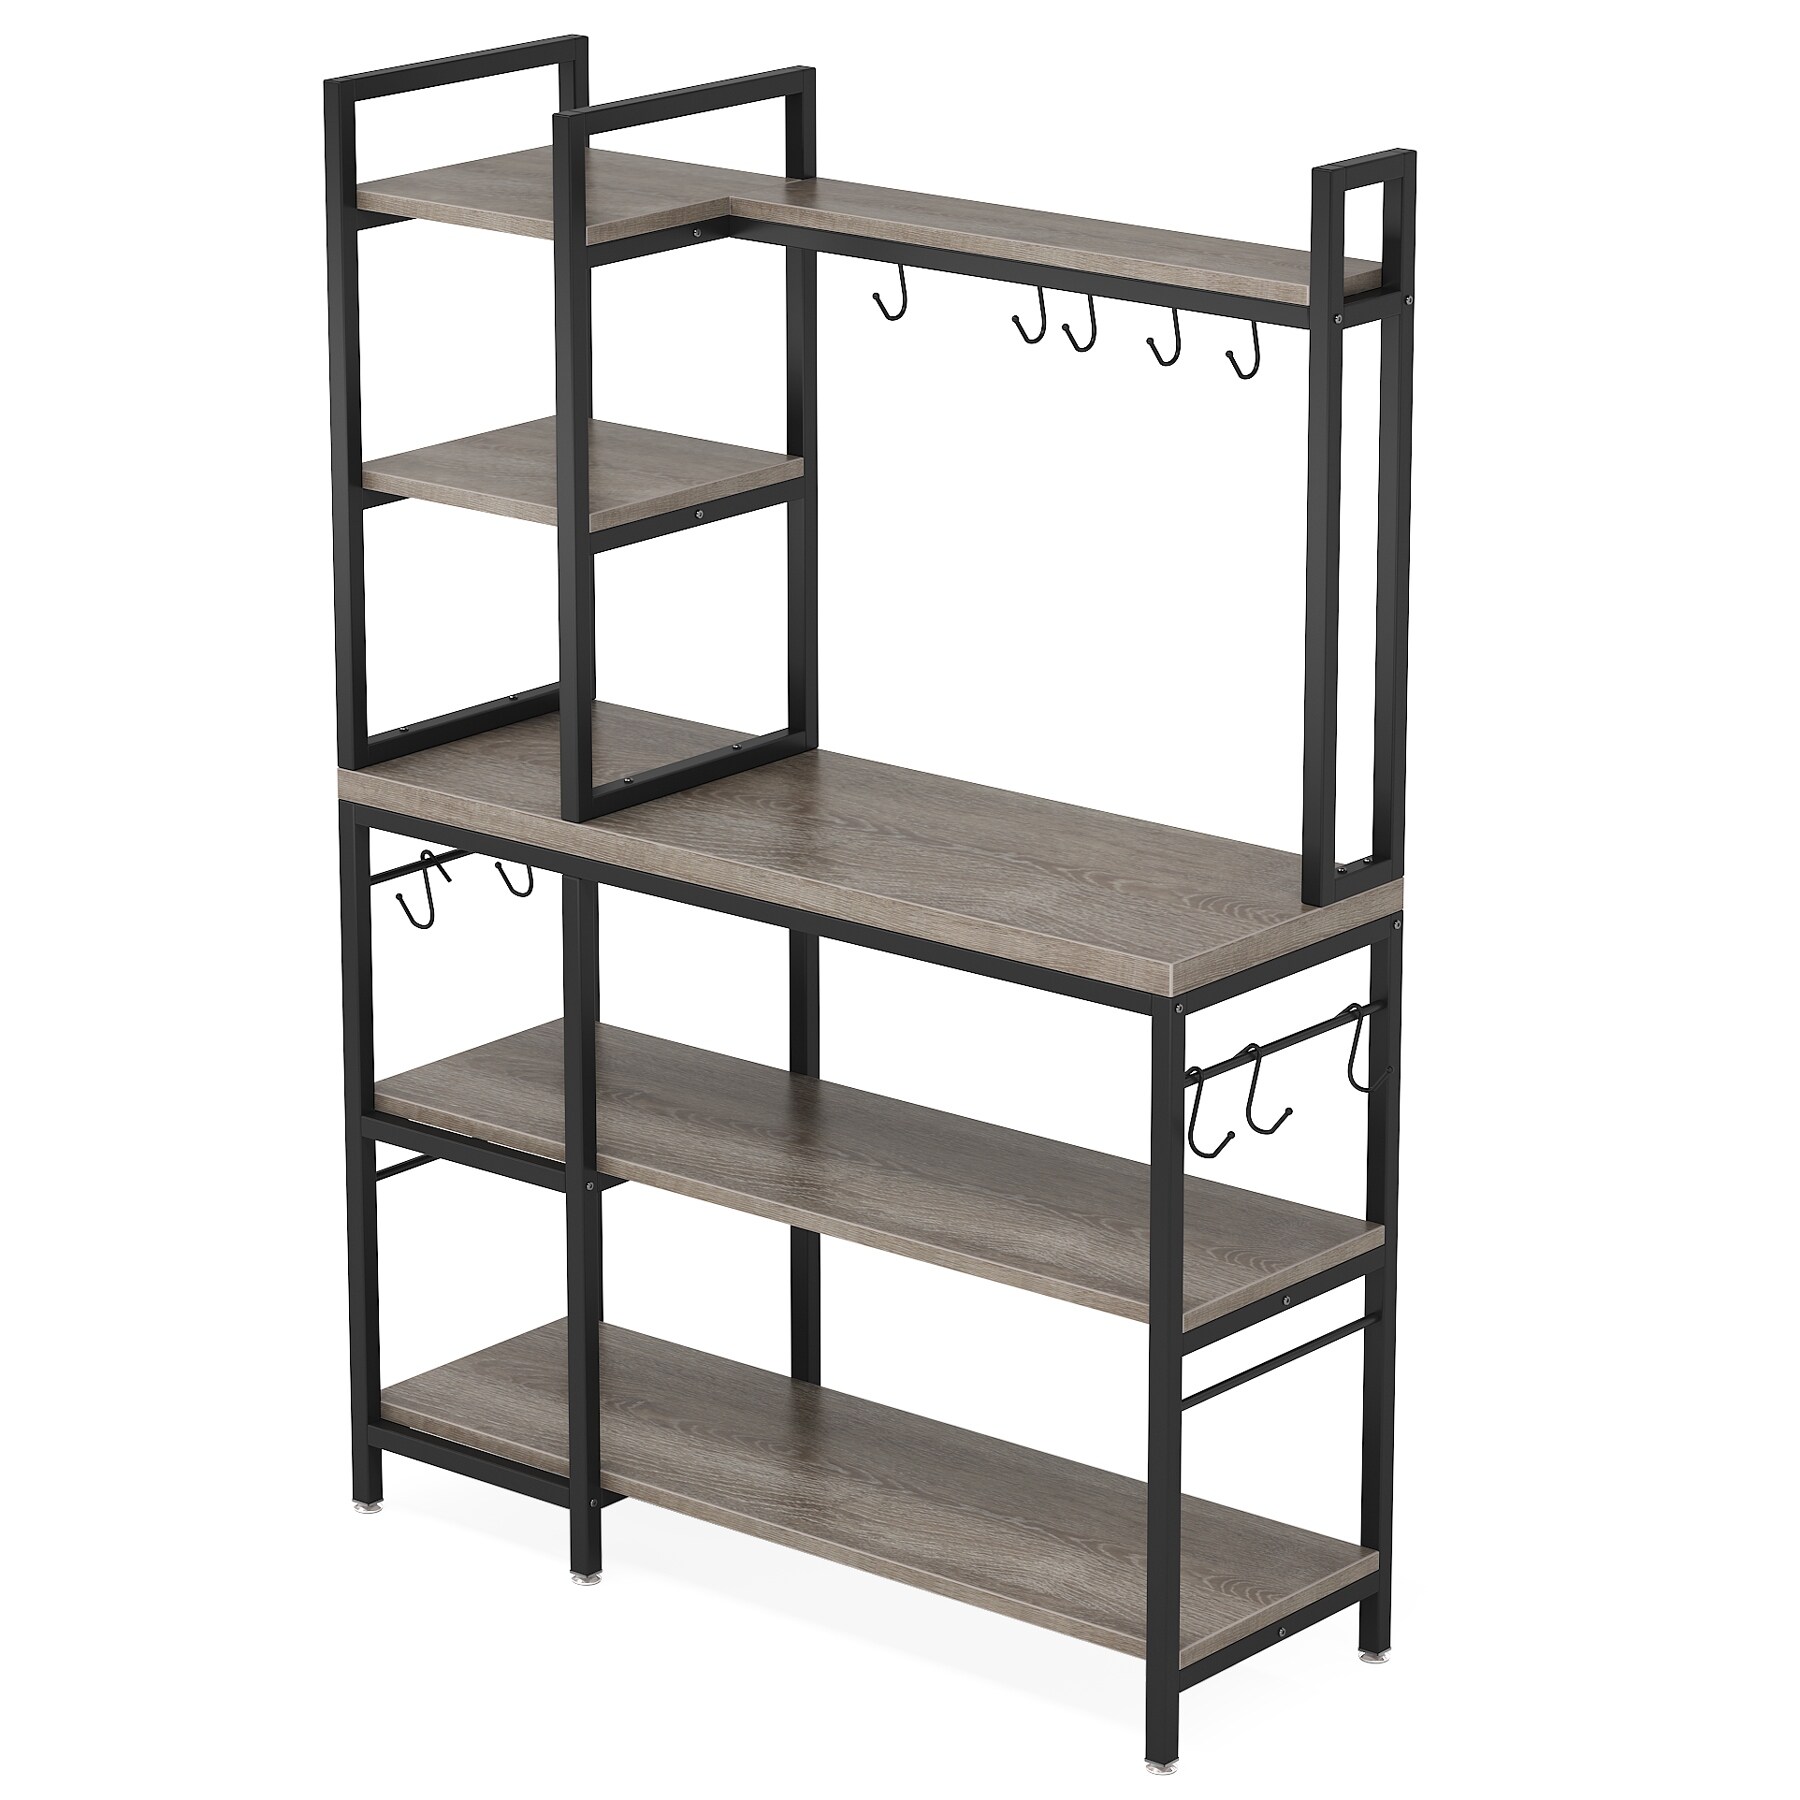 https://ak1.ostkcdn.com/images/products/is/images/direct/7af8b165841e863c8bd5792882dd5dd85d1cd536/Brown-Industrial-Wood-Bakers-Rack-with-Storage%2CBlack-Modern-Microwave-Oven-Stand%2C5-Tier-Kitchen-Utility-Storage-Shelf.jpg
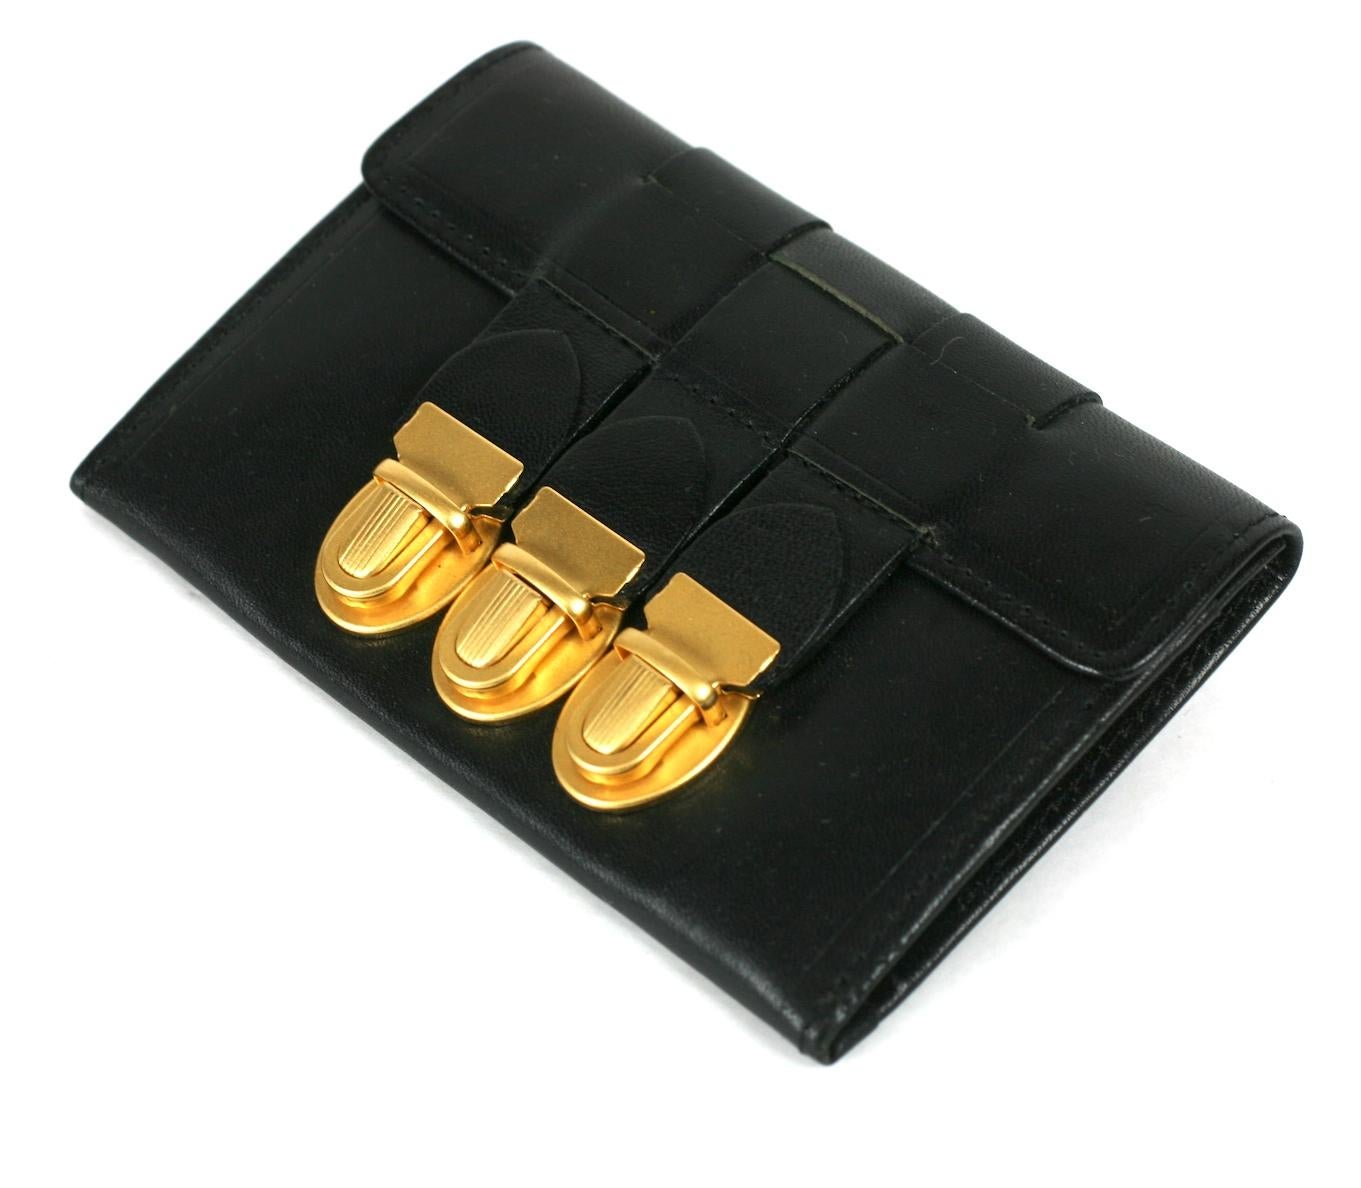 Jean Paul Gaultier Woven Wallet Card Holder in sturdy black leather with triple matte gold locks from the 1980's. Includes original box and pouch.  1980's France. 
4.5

# TASK DETAILS
Any picture in the material is to be left out, and everything else is to be retyped as is.

# FINISHED EXERCISE
 https://ak1.ostkcdn.com/images/products/is/images/direct/7af8b165841e863c8bd5792882dd5dd85d1cd536/Brown-Industrial-Wood-Bakers-Rack-with-Storage%2CBlack-Modern-Microwave-Oven-Stand%2C5-Tier-Kitchen-Utility-Storage-Shelf.jpg
 Jean Paul Gaultier Woven Wallet Card Holder in sturdy black leather with triple matte gold locks from the 1980's. Includes original box and pouch.  1980's France. 
4.5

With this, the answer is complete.